文章推荐： c++ - 沿光栅化圆弧遍历像素

算法~利用zset实现滑动窗口限流
滑动窗口限流滑动窗口限流是一种常用的限流算法，通过维护一个固定大小的窗口，在单位时间内允许通过的请求次数不超过设定的阈值。具体来说，滑动窗口限流算法通常包括以下几个步骤：初始化：设置窗口
【算法】表达式求值
表达式求值：一个只有+,-,*,/的表达式，没有括号一种神奇的做法：使用数组存储数字和运算符，先把优先级别高的乘法和除法计算出来，再计算加法和减法 int GetVal(string s){
【算法】前缀和
【算法】前缀和题目先来看一道题目：（前缀和模板题）已知一个数组A[]，现在想要求出其中一些数字的和。输入格式：先是整数N,M，表示一共有N个数字，有M组询问接下来有N个数，表示A[1]..
【算法】二叉树的各种遍历方式
1.前序遍历根-左-右的顺序遍历，可以使用递归 void preOrder(Node *u){ if(u==NULL)return; printf("%d ",u->val);
【算法】01背包
先看题目物品不能分隔，必须全部取走或者留下，因此称为01背包（只有不取和取两种状态）看第一个样例我们需要把4个物品装入一个容量为10的背包我们可以简化问题，从小到大入手分析 weightva
算法 - 矩阵中被另一种颜色包围的颜色
我最近在一次采访中遇到了这个问题: 给出以下矩阵: [[ R R R R R R], [ R B B B R R], [ B R R R B B], [ R B R R R R]] 找出是否有任
使用Outlook发送电子邮件的C++算法
我正在尝试通过 C++ 算法从我的 outlook 帐户发送一封电子邮件，该帐户已经打开并记录，但真的不知道从哪里开始(对于 outlook-c++ 集成)，谷歌也没有帮我这么多。任何提示将不胜感激。
容器上滑动窗口的C++算法
我发现自己像这样编写了一个手工制作的 while 循环: std::list foo; // In my case, map, but list is simpler auto currentPoin
检测正方形后运行命令的c++算法
我有用于检测正方形的 opencv 代码。现在我想在检测正方形后，代码运行另一个命令。代码如下: #include "cv.h" #include "cxcore.h" #include "high
二值图像的泛洪填充C++算法
我正在尝试模拟一个 matlab 函数“imfill”来填充二进制图像(1 和 0 的二维矩阵)。我想在矩阵中指定一个起点，并像 imfill 的 4 连接版本那样进行洪水填充。这是否已经存在于
算法递归公式
我正在阅读 Robert Sedgewick 的《C++ 算法》。 Basic recurrences section it was mentioned as 这种循环出现在循环输入以消除一个项目的递
算法 - 如何生成日期结构？
我正在思考如何在我的日历中生成代表任务的数据结构(仅供我个人使用)。我有来自 DBMS 的按日期排序的任务记录，如下所示: 买牛奶(18.1.2013) 任务日期 (2013-01-15) 任务标签(
算法:查找恰好出现两次的元素
输入一个未排序的整数数组A[1..n]只有 O(d) :(d int) 计算每个元素在单次迭代中出现在列表中的次数。 map 是balanced Binary Search Tree基于确保 O(nl
算法——基于寻找最大匹配数
我遇到了一个问题，但我仍然不知道如何解决。
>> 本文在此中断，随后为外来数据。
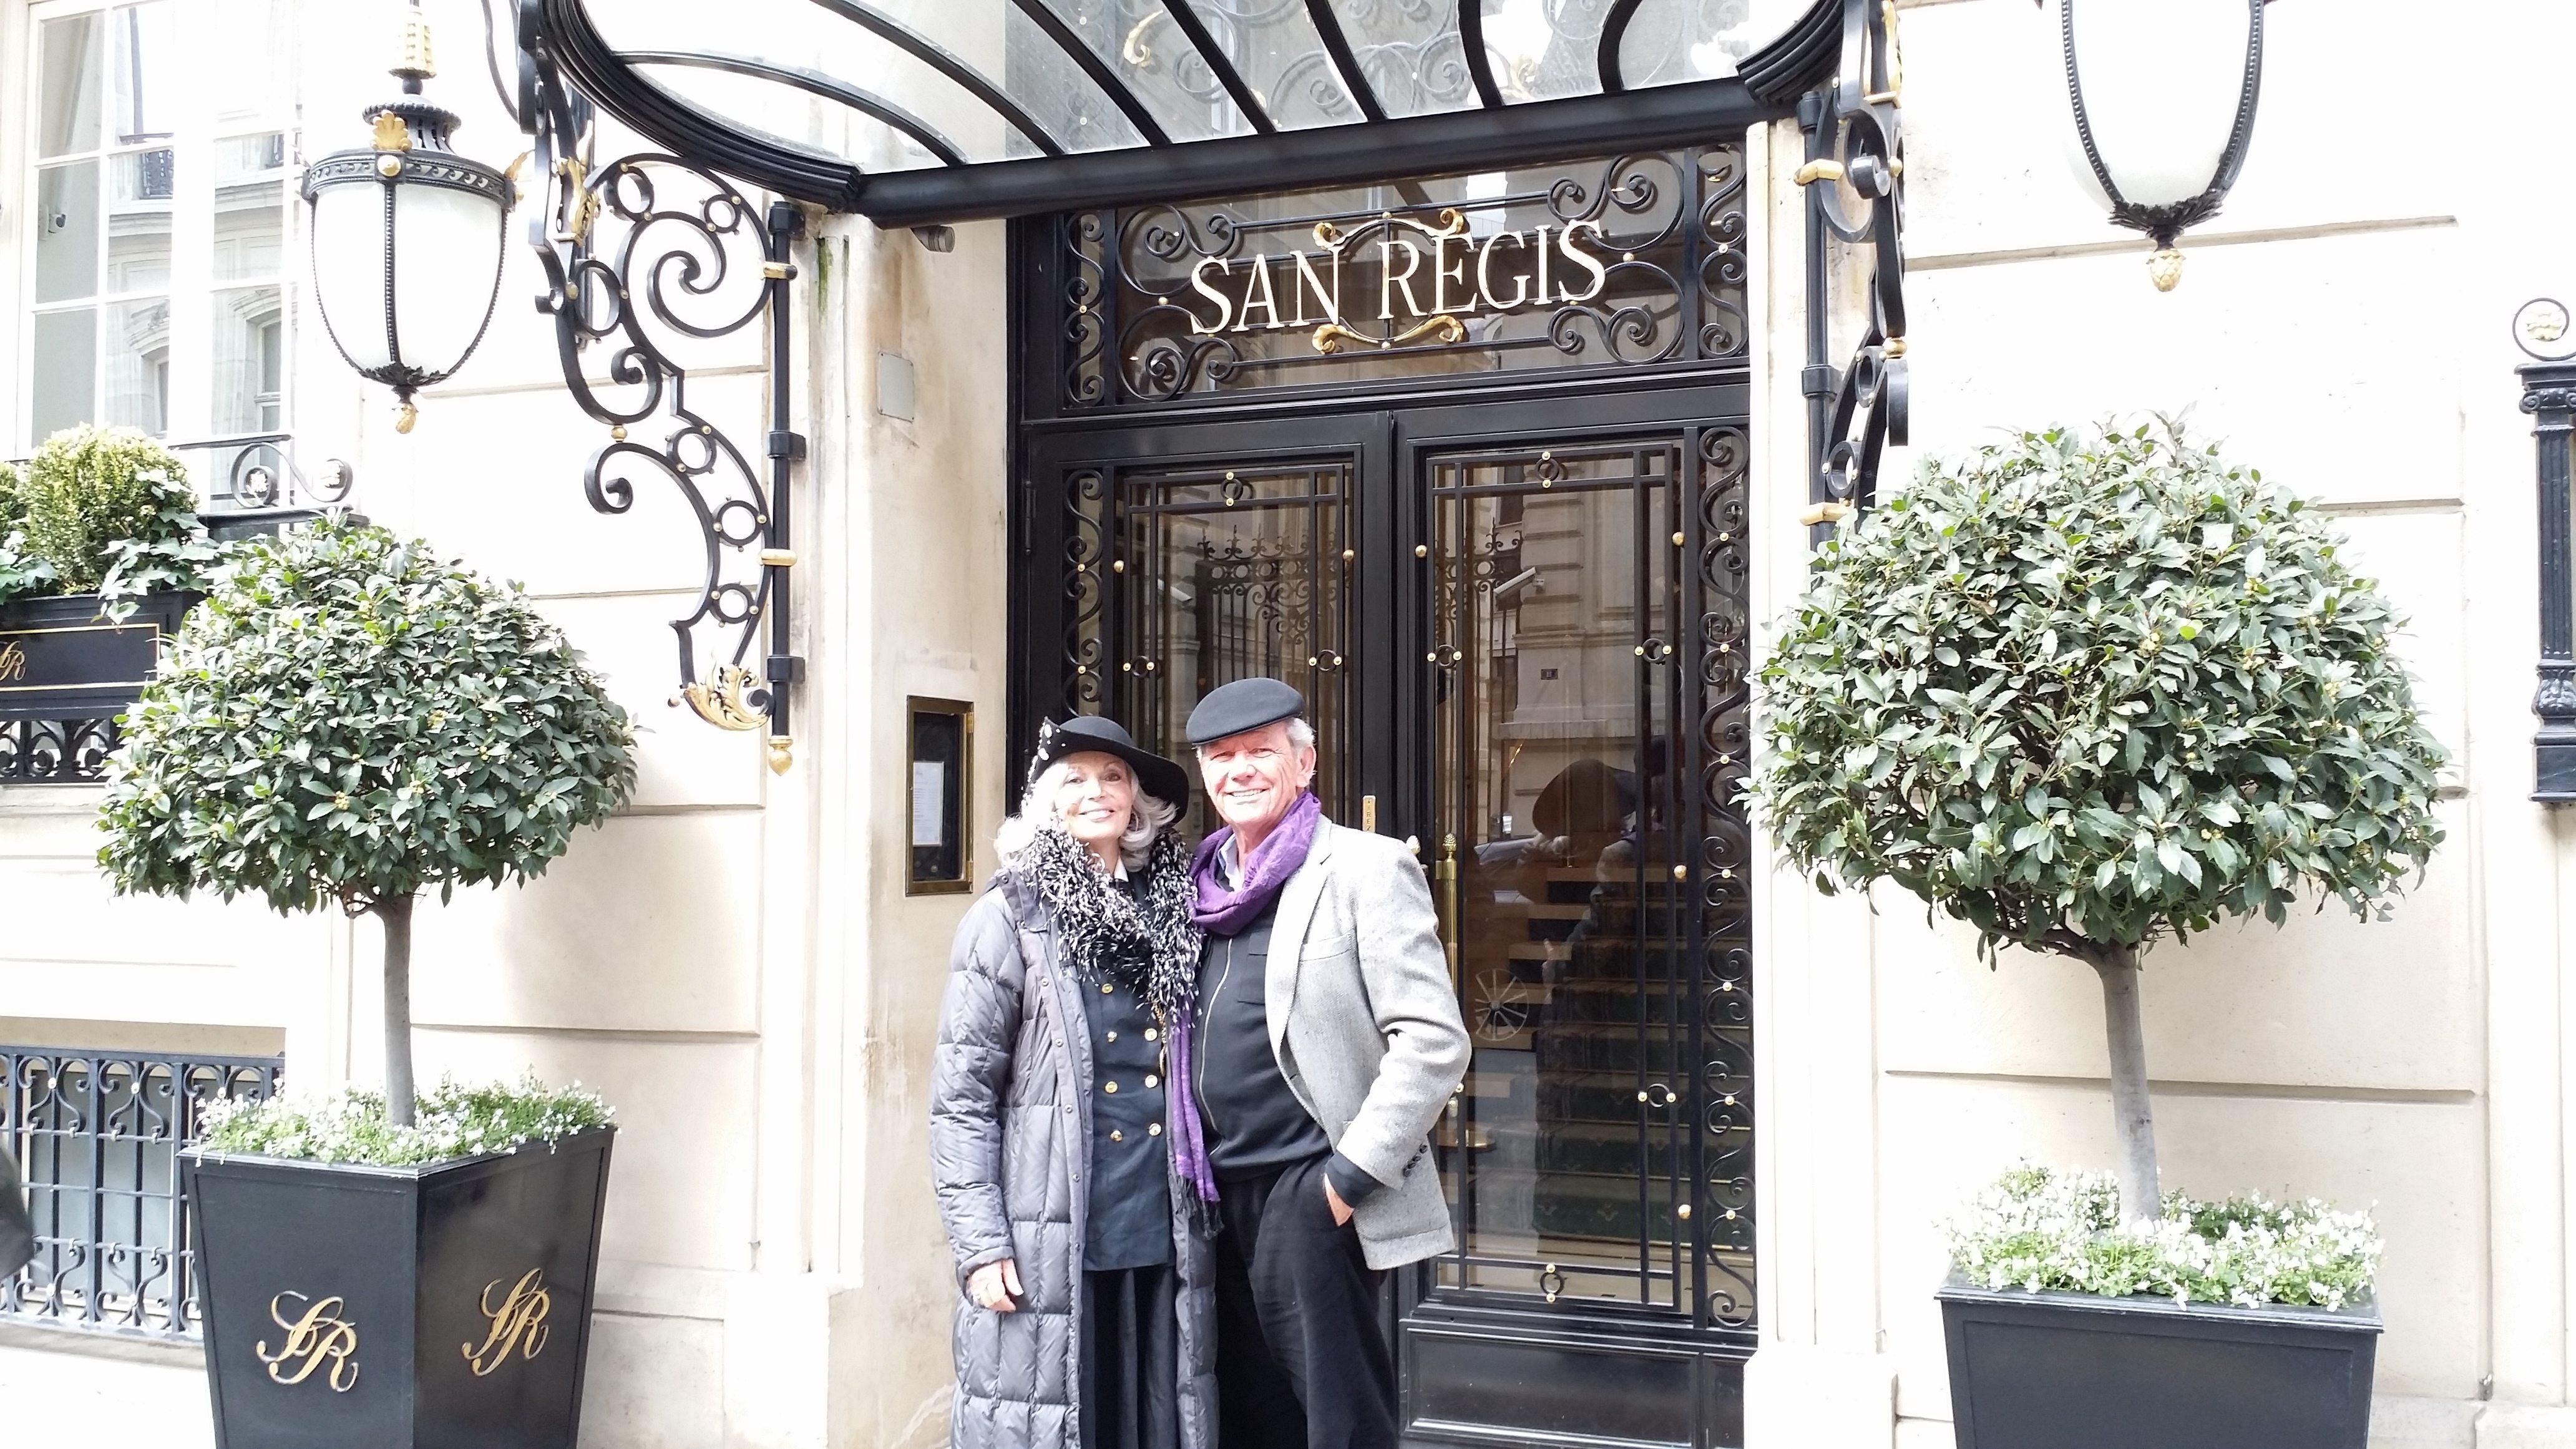 The hotel san r gis paris france luxecoliving 39 s best for San regis

我想出了如何用蛮力的方式来做到这一点，但是当有成千上万的元素时它就不起作用了。 Problem: Say you are given the followin
算法 - 用于计算成对相互出现的次数
我有一个列表列表。 L1= [[...][...][.......].......]如果我在展平列表后获取所有元素并从中提取唯一值，那么我会得到一个列表 L2。我有另一个列表 L3，它是 L2 的某个
算法 - 在矩阵中求和
我们得到二维矩阵数组(假设长度为 i 和宽度为 j)和整数 k我们必须找到包含这个或更大总和的最小矩形的大小F.e k=7 4 1 1 1 1 1 4 4 Anwser是2，因为4+4=8 >= 7，
算法:根据周数获取下一年日期工作类次类型
我实行 3 类倒制，每周换类。顺序为早类 (m)、晚类 (n) 和下午类 (a)。我固定的订单，即它永远不会改变，即使那个星期不工作也是如此。我创建了一个函数来获取 ISO 周数。当我给它一个日期时
算法 - 找到满足输入元素任意组合的所有集合
假设我们有一个输入，它是一个元素列表: {a, b, c, d, e, f} 还有不同的集合，可能包含这些元素的任意组合，也可能包含不在输入列表中的其他元素: A:{e,f} B:{d,f,a} C:
算法:添加新元素时如何找到集合的子集？
我有一个子集算法，可以找到给定集合的所有子集。原始集合的问题在于它是一个不断增长的集合，如果向其中添加元素，我需要再次重新计算它的子集。有没有一种方法可以优化子集算法，该算法可以从最后一个计算点重新
算法:按预期频率将符号压缩成位串？
我有一个包含 100 万个符号及其预期频率的表格。我想通过为每个符号分配一个唯一(且前缀唯一)的可变长度位串来压缩这些符号的序列，然后将它们连接在一起以表示序列。我想分配这些位串，以使编码序列的预

塔克拉玛干

个人简介

我是一名优秀的程序员,十分优秀！

作者热门文章

滴滴打车优惠券免费领取

全站热门文章

首页

博学

6Ren·AI

商城

java - 用于字符串搜索的 KMP 算法？